Songs of One Breath is a weekly online space with Jilani Cordelia Prescott to explore the direct, joyful experience of mysticism through practice. Each Friday she shares chants, mantra, breath practices and body prayer drawn from a range of traditions, offered as grounding, comfort, and a pathway of the heart toward deeper connection and spiritual freedom. You are warmly invited to join live on Zoom (or via Facebook Live) at 2.30pm London time, and it is free. If you enjoy the class or the podcast, and would like to support Jilani’s work, donations are welcome via PayPal.
Some young people once encountered a very wise old being. When they asked for help making their spiritual ideals into reality, he replied:
“The first line of defence is the moral teaching of kindliness, tolerance and compassion.

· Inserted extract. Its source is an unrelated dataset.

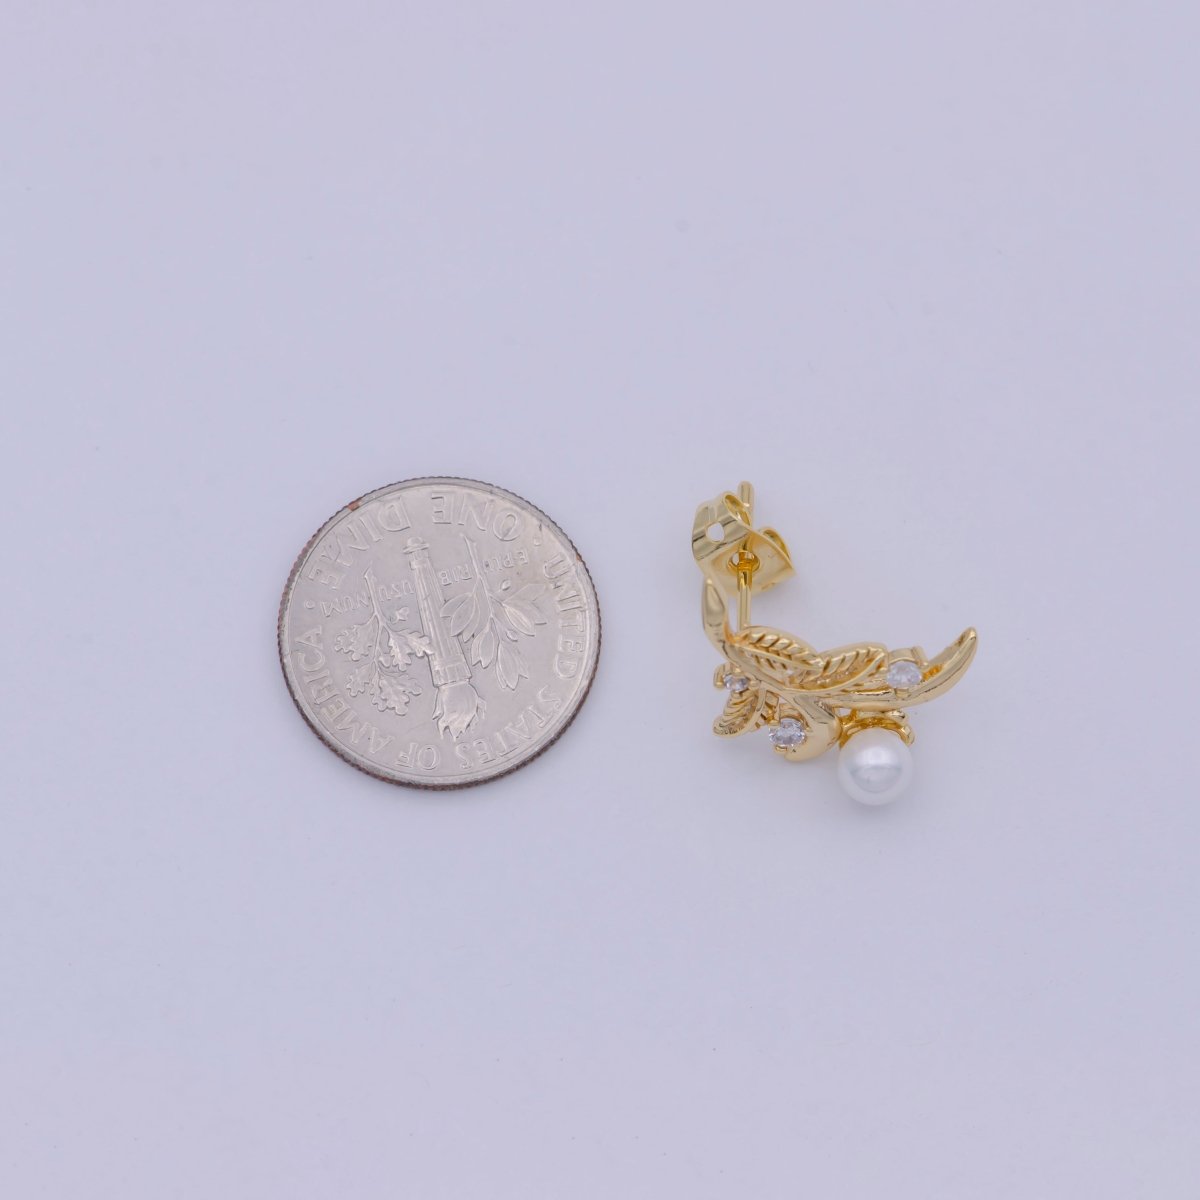 Gold Tree Branch Leaf Stud earrings • Pearl Earrings Jewelry T-357 - DLUXCA

These belong to all religions and to atheism and to philosophy and to science. They can be advocated at all times and before all peoples. If they do not stand as ideals, conflict will necessarily follow.
Christ came to teach not theology but love. Mohammed came only with the Message of Unity, and Buddha taught that it was an attitude, not a form, which raised one into the peace of Nirvana. The religious will accept the ideas of love, harmony and beauty and the irreligious will accept the ideals of love, harmony and beauty.
So you can find a common standard whereby all may join. In this way the Sufi Message in time will help greatly to spread the spirit of human brother and sisterhood and so establish peace upon Earth.”
Murshid Samuel Lewis
In the real samadhi, one has not only union-with-God but with all humanity; when one is helping others, one is helping oneself, and when one is really helping oneself, one is helping others. (Oct 7, 1967)
At one point in my life, I became totally and absolutely pessimistic to the point that I was a sort of left-handed masochist – I began expecting pain. My life readings have all been consistent. During one of them I finally began to see my whole karma, the justices in the injustice. If you take a single life there’s always injustice, but if you take a whole series, it all balances out. This has given me a much greater capacity for pain than almost anybody I meet. If I have a sort of composure, it isn’t a real composure, it’s a composure of having gone through such a tremendous quantity of pain that other things don’t, by comparison, bother me. Perhaps, in the end, that’s wisdom. (October 2, 1968)
Every inhalation is God’s gift to humanity and every exhalation is humanity’s sacrifice to God…
Given a problem, meditate on the problem. Then meditate on “Toward the One”, or fikr (Breathe out La illaha, breathe in El il Allah) 20, 33 or 101 times. Now re-concentrate on the problem. There should be an influx of Kashf or insight that will help throw light on the problem.
Breathe identifying yourself with breath. Breathe holding Darood, ie “Toward the One”, with each inhalation and exhalation. Identify yourself with the breath; identify with the Darood. This helps to free you from identification with the body.